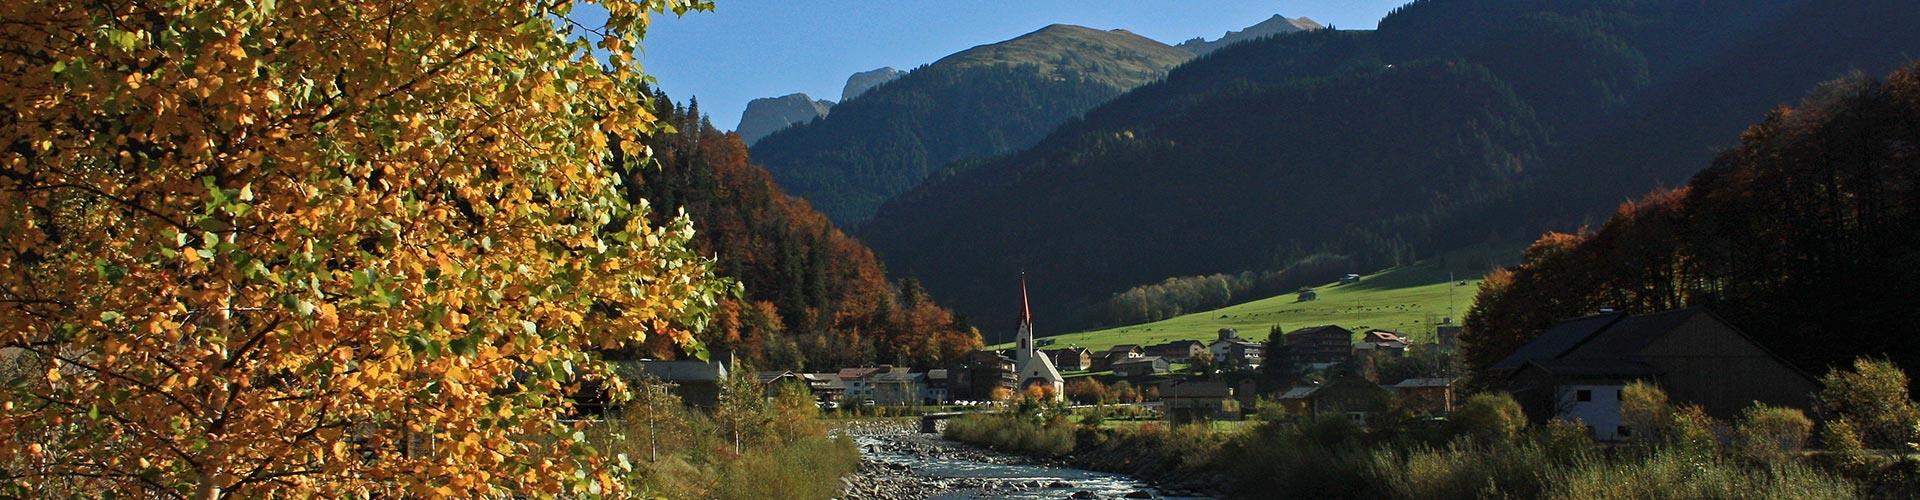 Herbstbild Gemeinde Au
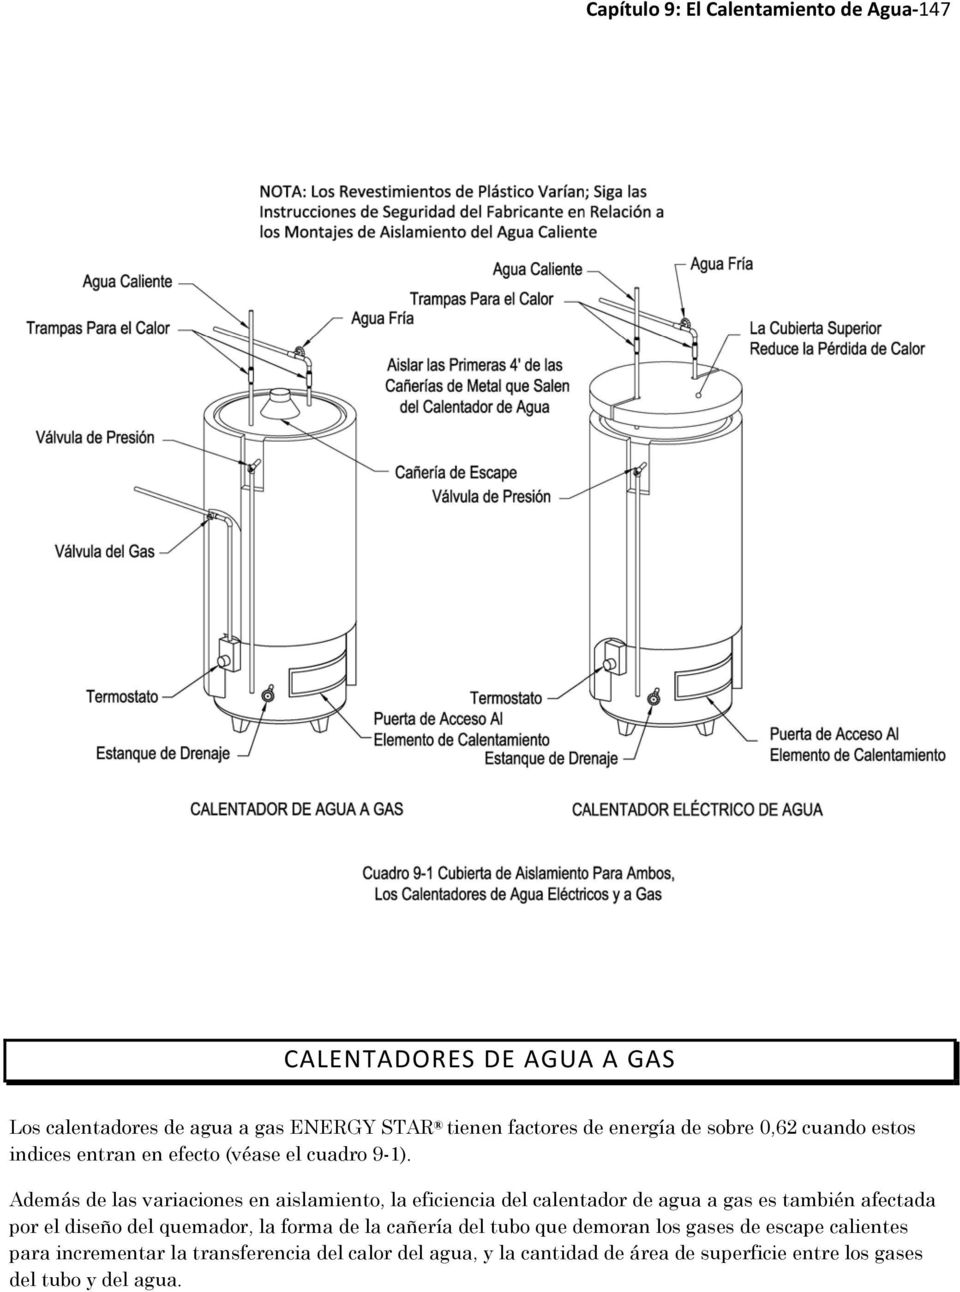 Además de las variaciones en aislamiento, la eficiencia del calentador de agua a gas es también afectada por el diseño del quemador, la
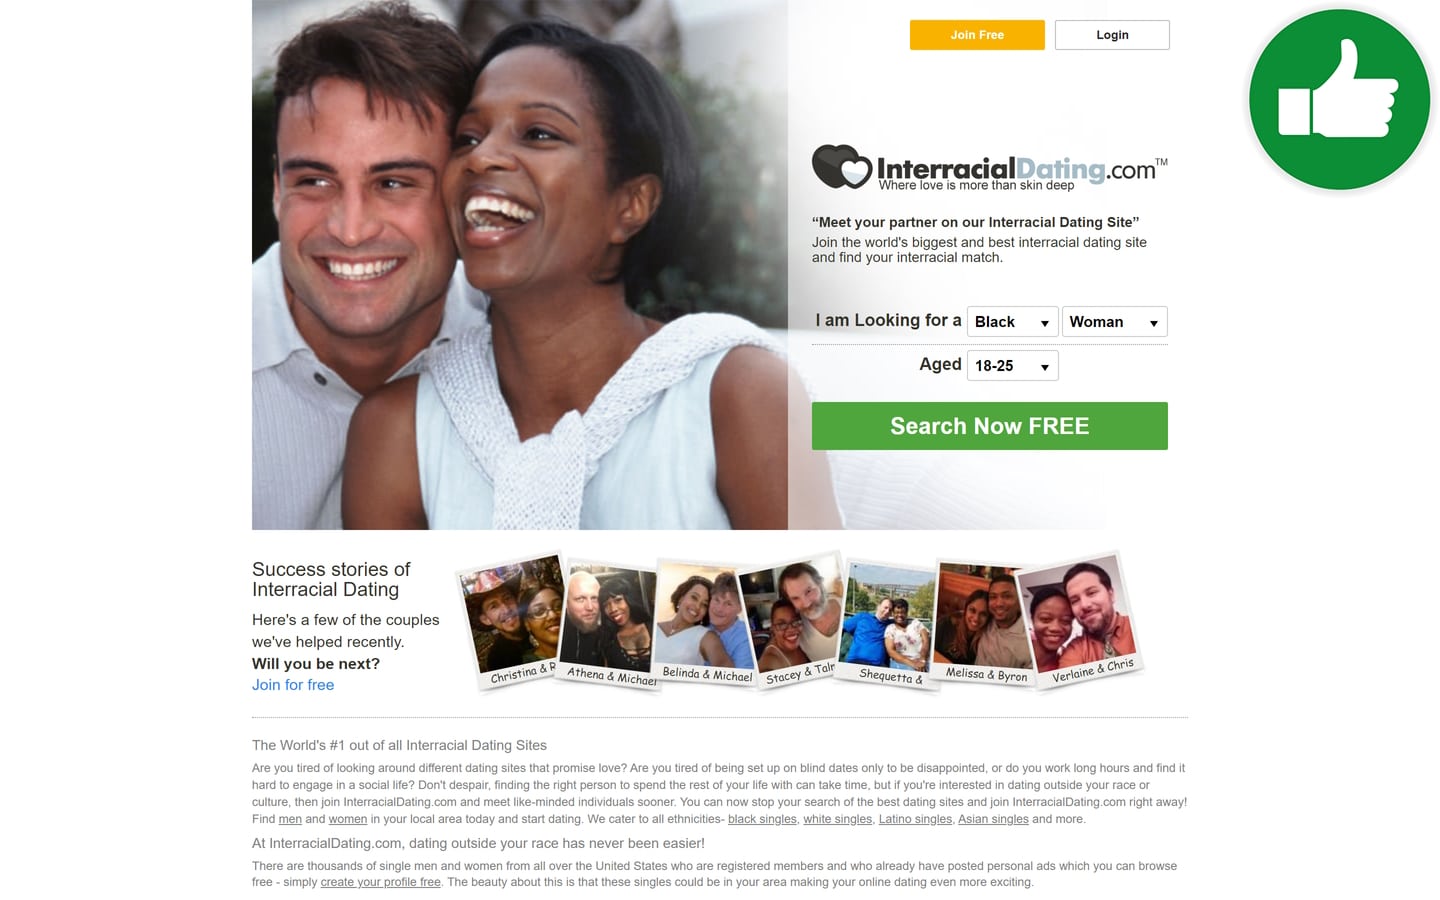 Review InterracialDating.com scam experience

- **TASK GOAL**: None of the pictures belong in the copy; transcribe the rest of the data exactly.

- **WRITTEN SOLUTION**:
 Herbstbild Gemeinde Au
 Además de las variaciones en aislamiento, la eficiencia del calentador de agua a gas es también afectada por el diseño del quemador, la
 Review InterracialDating.com scam experience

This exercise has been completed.